Question

Align and trim thousands of genes

0

Entering edit mode

3.9 years ago

sankadinesh ▴ 20

Dear All, I have 20000 ASVs obtained from multiple studies with gene sizes ranging from 200 to 320. I would like to do multiple alignment and trim unaligned portion just like MEGA. Please suggest me a suitable software and protol to do it. Thanks

Regards, Dinesh

alignment gene sequencing next-gen • 945 views

ADD COMMENT • link updated 3.9 years ago by Mensur Dlakic ★ 28k • written 3.9 years ago by sankadinesh ▴ 20

0

Entering edit mode

Two trimming program options included in this answer: A: How to clean multiple protein sequences alignement in order to make a phylogenic

ADD REPLY • link 3.9 years ago by GenoMax 147k

score 0 · Answer 1 · 2021-01-01

Generally speaking this is a straightforward task, but we lack information from you regarding the details.
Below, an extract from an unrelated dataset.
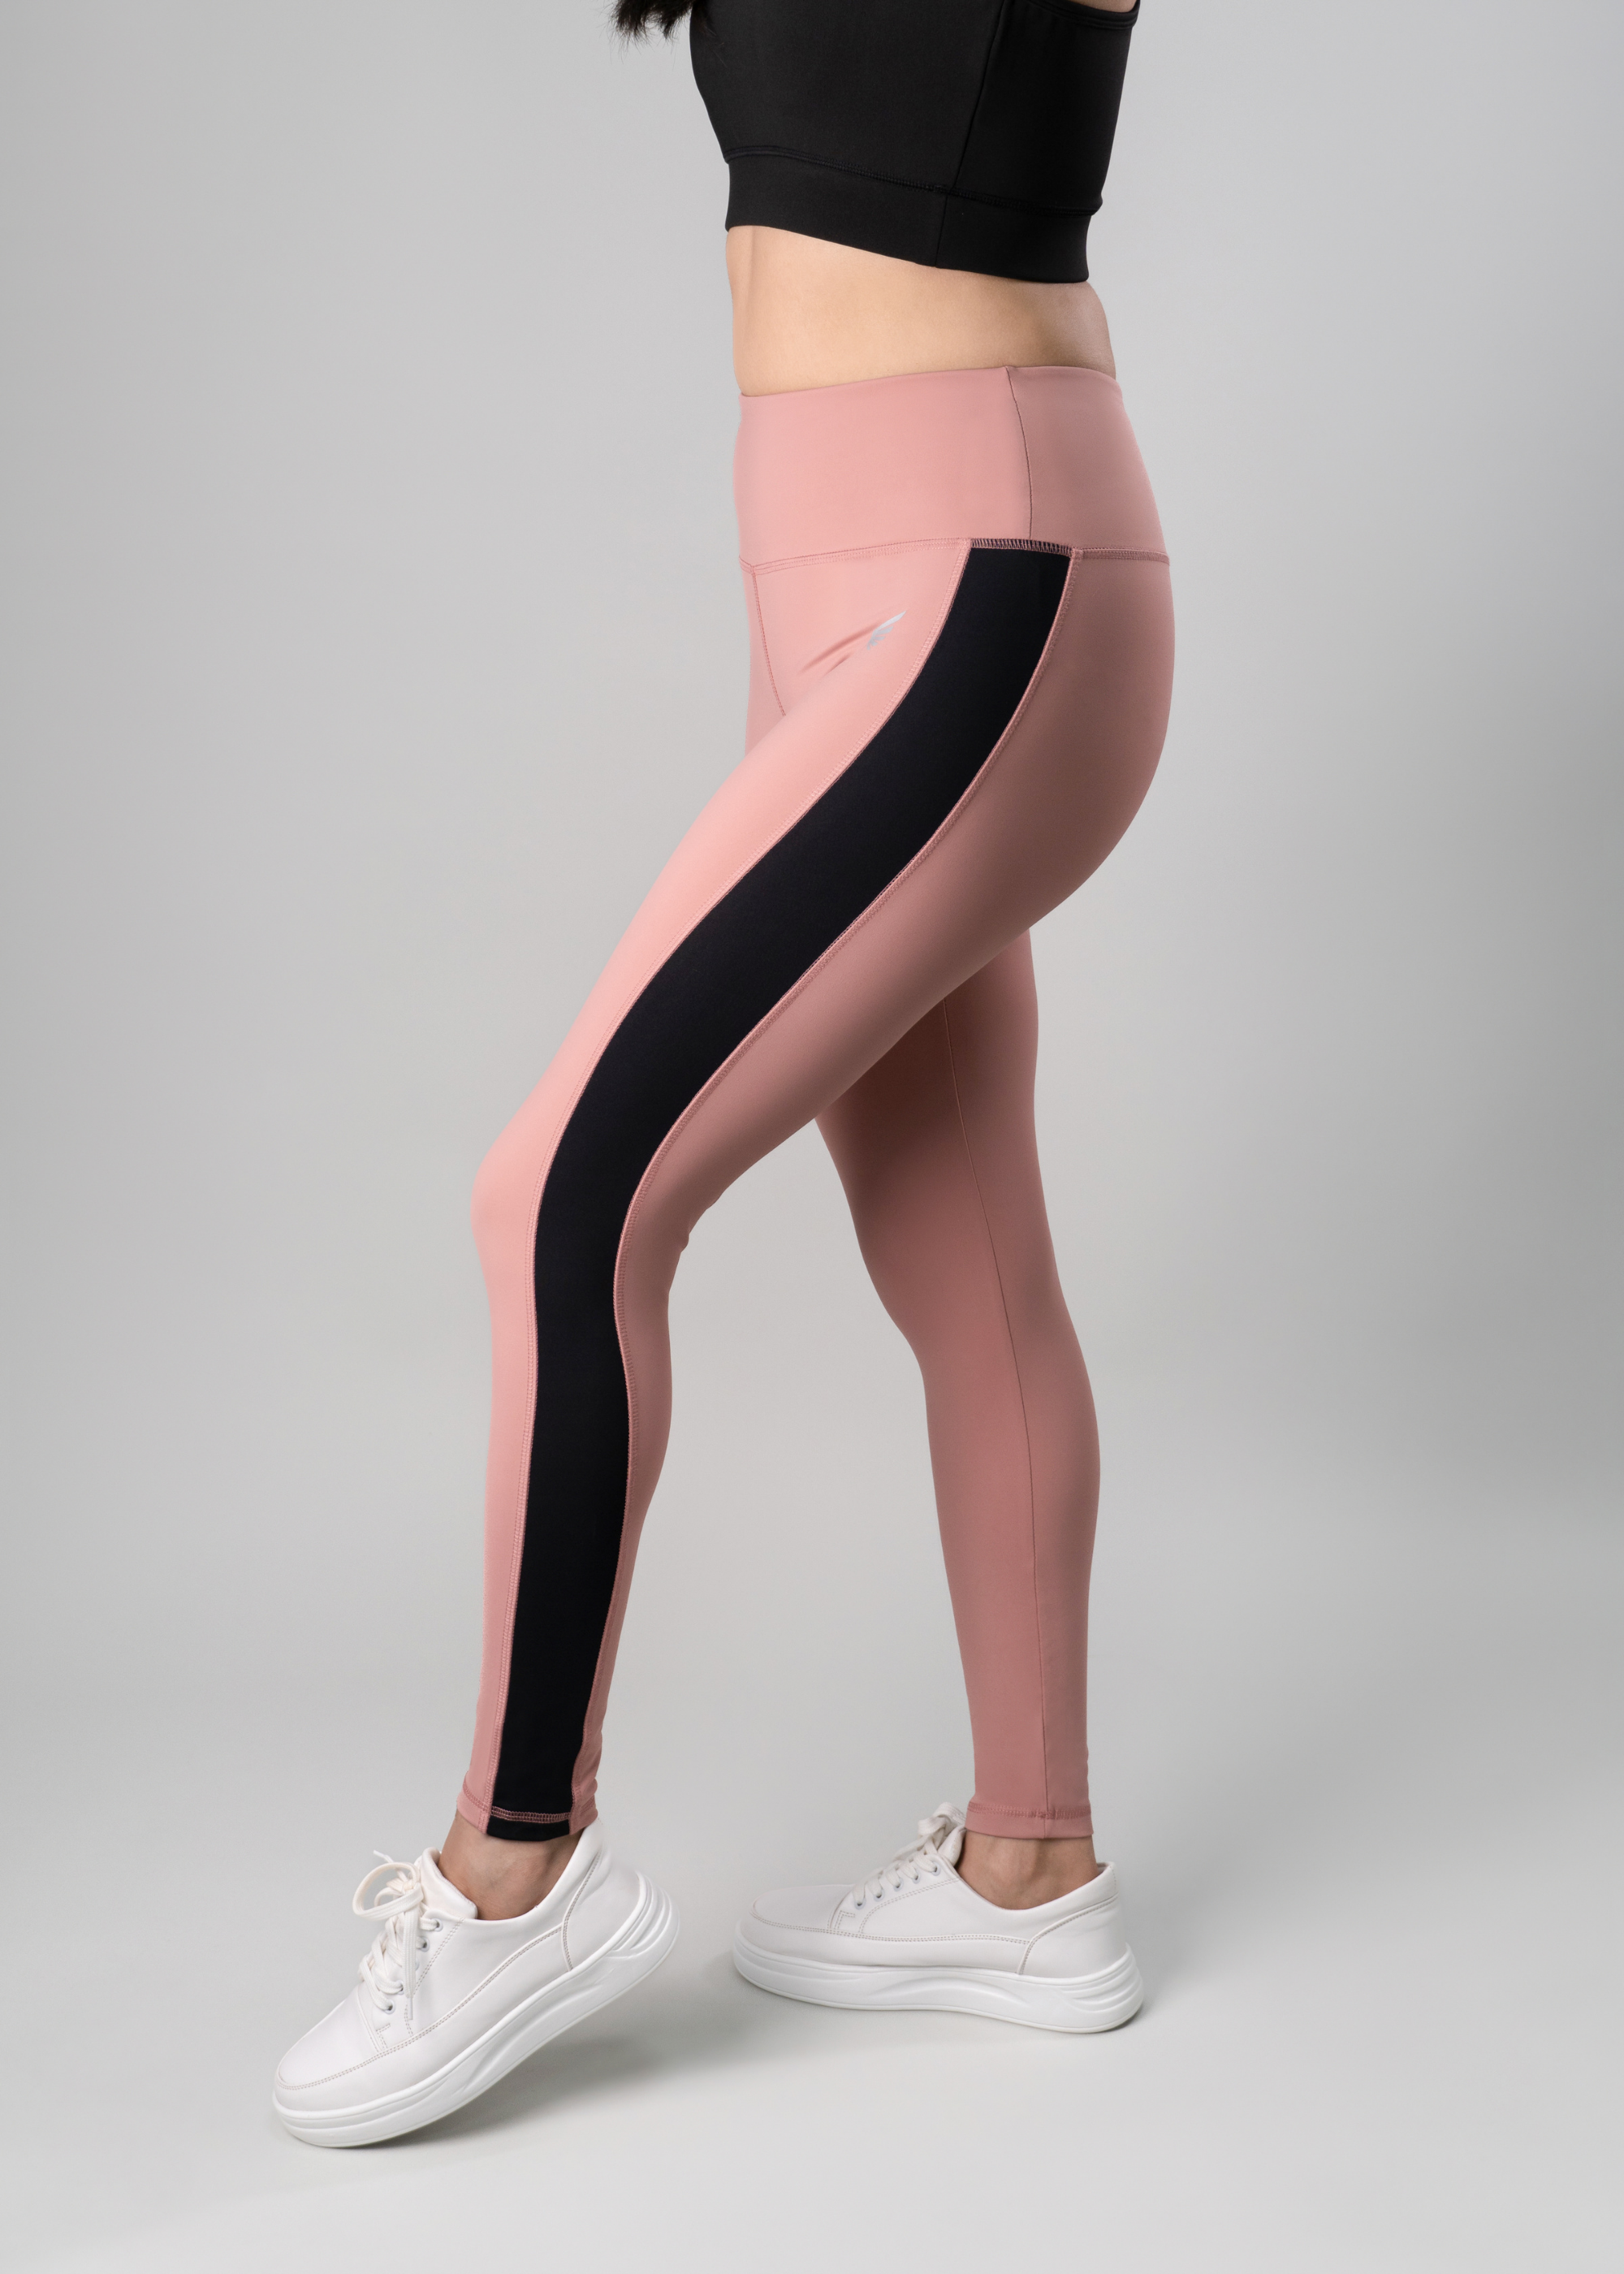 Everyday Tights for Women - Flurr

That's why my suggestions will be general, but it should be a good enough starting point for you to adapt to your specific needs.

Here is a simple C-shell script that will do this (bash script would be fairly similar):

foreach i ( *.fasta )
mafft --maxiterate 1000 --localpair --thread 8 --nomemsave $i > $i:r.afa
trimal -in $i:r.afa -out $i:r.trimmed.afa -gt 0.5
end

This assumes that all your starting files are in the same directory and have a .fasta extension. Alignments are done with mafft in comprehensive mode (slowest), but you may want to choose a different program (clustalw, clustalo, muscle, etc). After that each alignment (ending in .afa) is trimmed with trimal such that all columns with more than half gapped positions are removed (resulting in .trimmed.afa files). This may or may not be what you want, so you should look up other available trimming option.

The whole script probably need not be longer than 3-4 lines like above, though you will probably want to adjust the exact commands. Lastly, I suggest you consider how to speed up the whole thing by utilizing most or all of your CPUs, and at that point it becomes a waiting game.